The California Water Commission met in an all-day session on September 21, with the agenda dominated by preliminary hearings of evidence for resolutions of necessity for eminent domain. (They’re thinking about thinking about acquiring property.)
The meeting started at 9 a.m., but it was 2:30 before the Commission got around to considering the 28 parcels. Some landowners couldn’t wait. There’s not much point in inviting landowners to make comments if you make it unreasonably inconvenient for them.
DWR staff spent a lot of time explaining the process again, perhaps for the benefit of any landowners who had come to testify. (The Commissioners heard this all last month and had it in writing, too.) DWR claims they have broad statutory authority (referencing legislation and the Water Code) to conduct investigations necessary for improvements to the State Water Project; others argue that conveyance associated with the BDCP is not an approved and financed project yet, so DWR can’t invoke general statutory authorization.

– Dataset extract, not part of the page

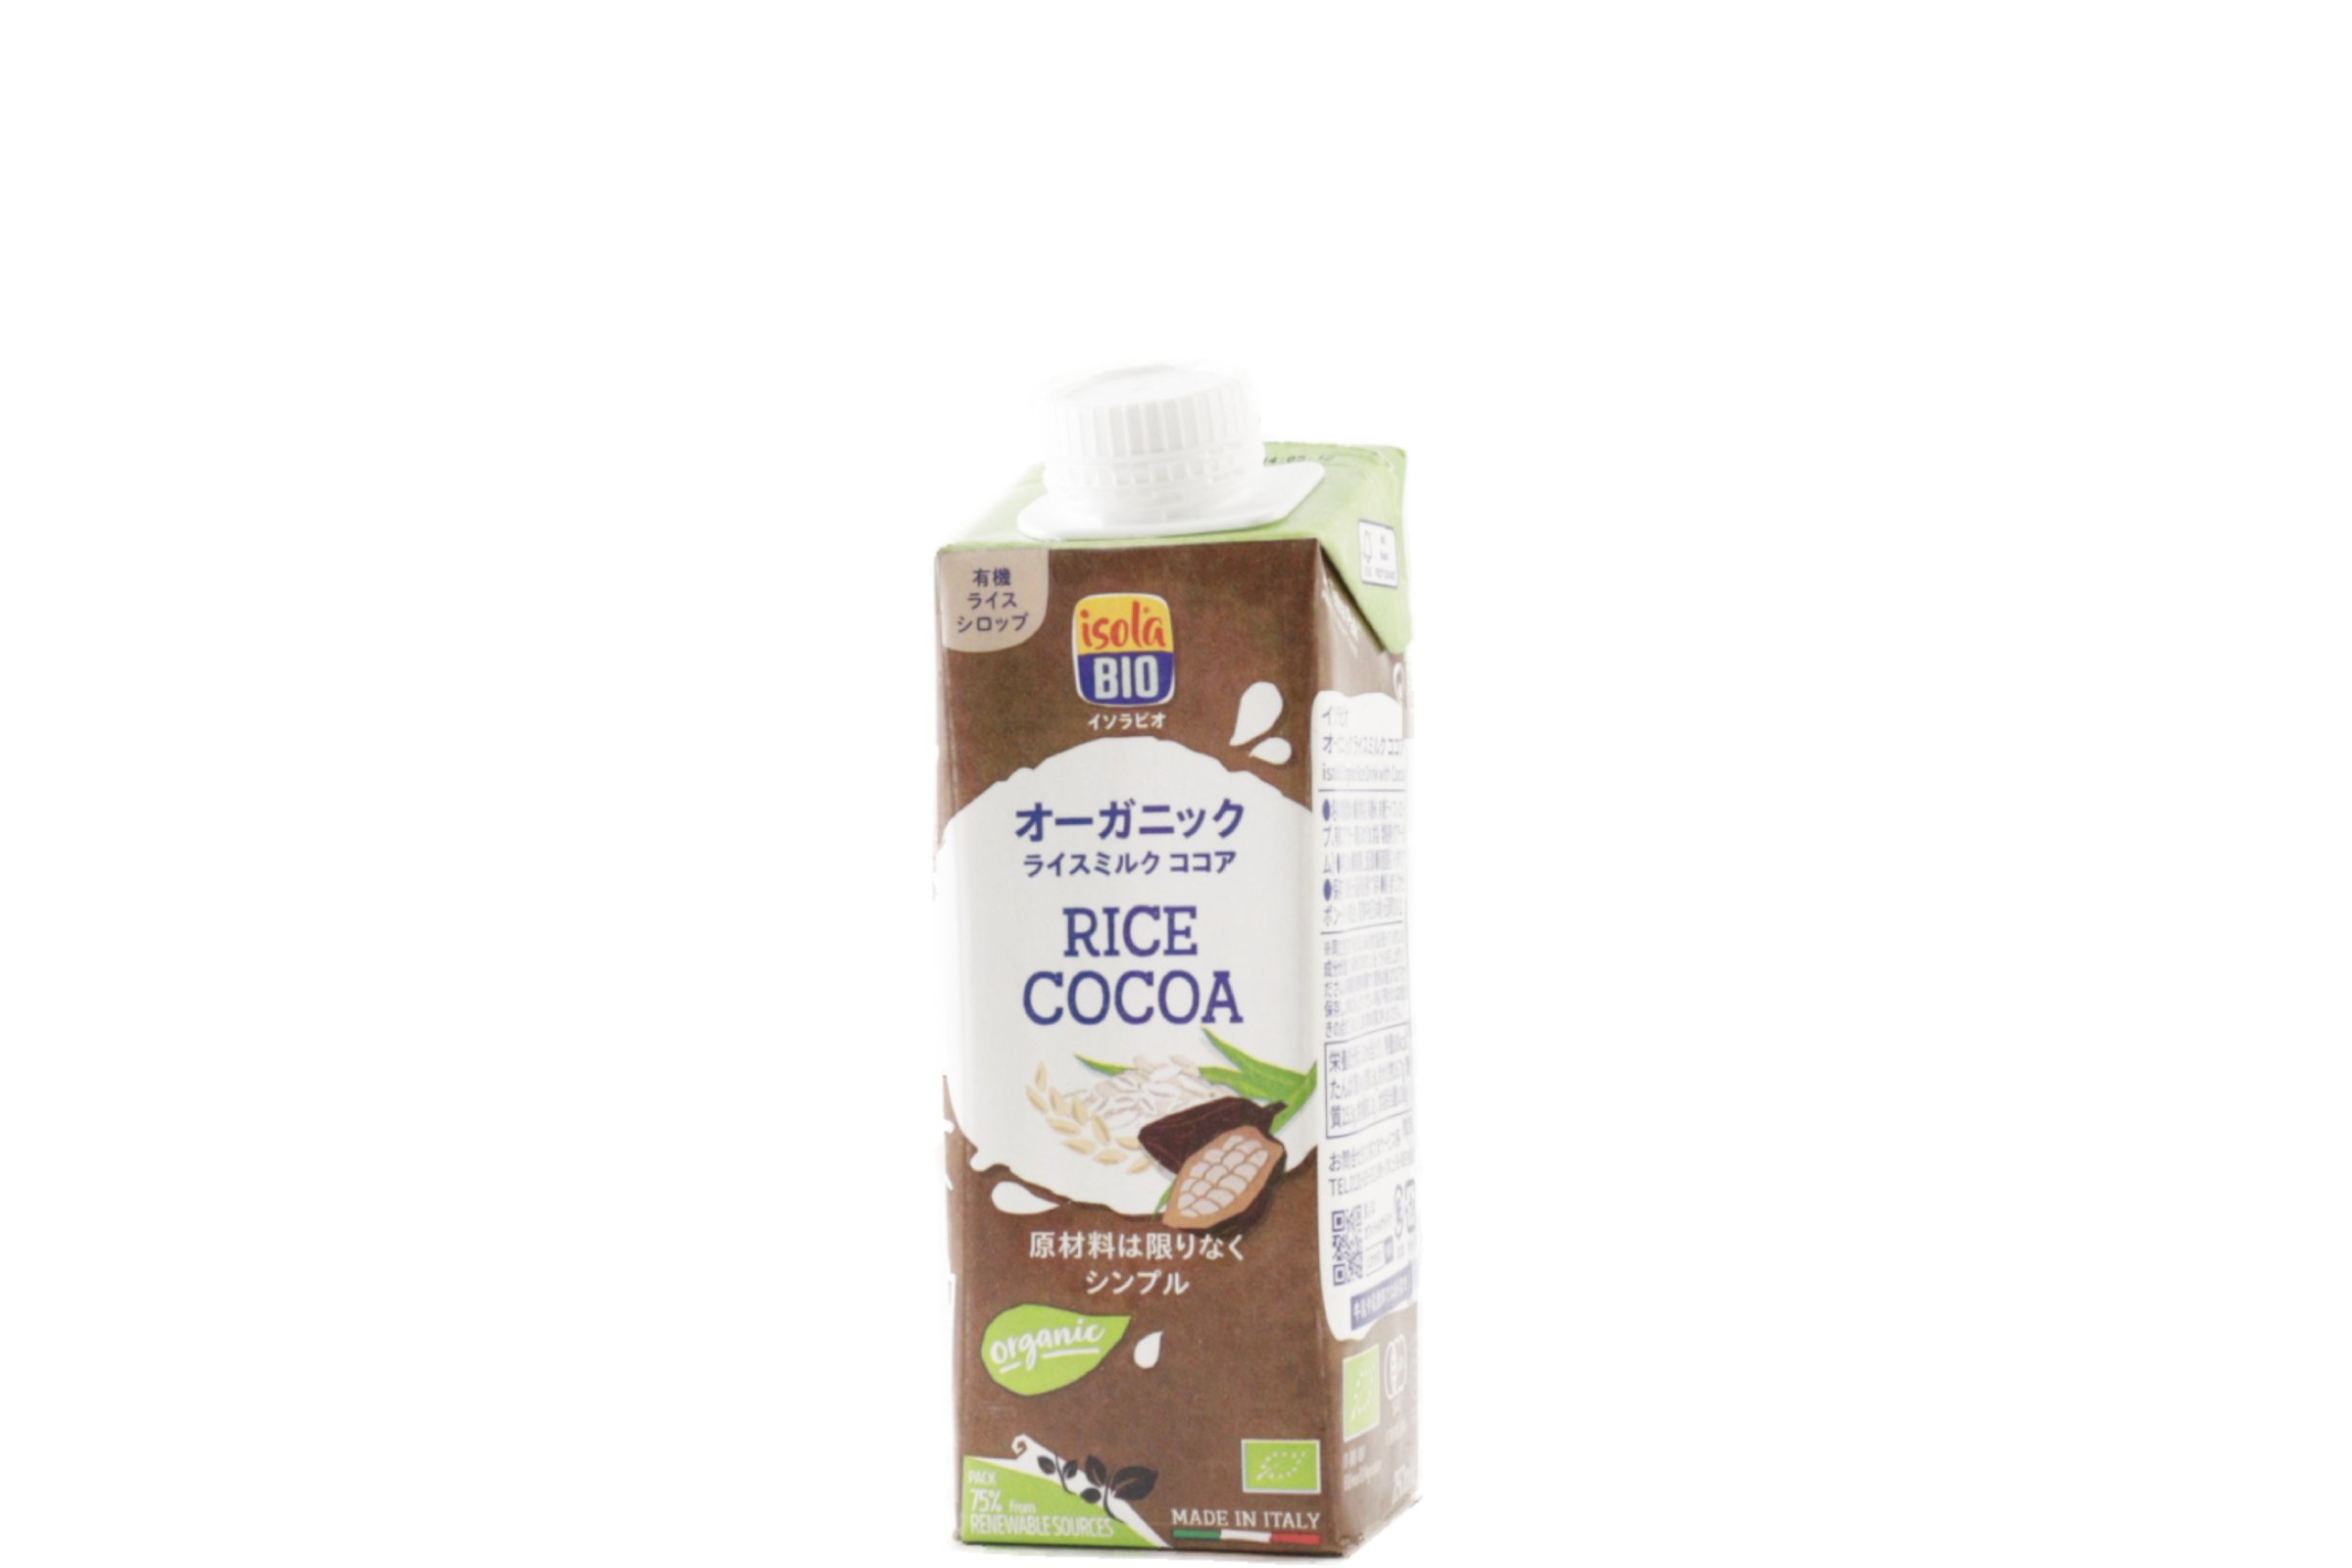 オーガニック ライスミルク ココア 250ml/1ケース24本入り【ポイント2倍】

The Governor asked for investigation of four conveyance options, but a map of the proposed exploration area shows drilling sites along what is clearly a through- or under-Delta alignment. They aren’t looking much on the west, and not on the east at all.
Melinda Terry of the North Delta Water Agency acknowledged that BDCP is facing a Catch 22 in trying to collect the data they need to evaluate different alignments and options so that they can get the project approved and financed. But she said that doesn’t change the intent of Water Code Section 11580:
When the department cannot acquire any necessary property by agreement with the owner, the department may exercise the power of eminent domain to acquire the property in the name of the state if the project for which the property is being acquired has been authorized and funds are available therefor.
Conveyance clearly hasn’t been authorized, and there are compelling questions about how it could be paid for if it were authorized.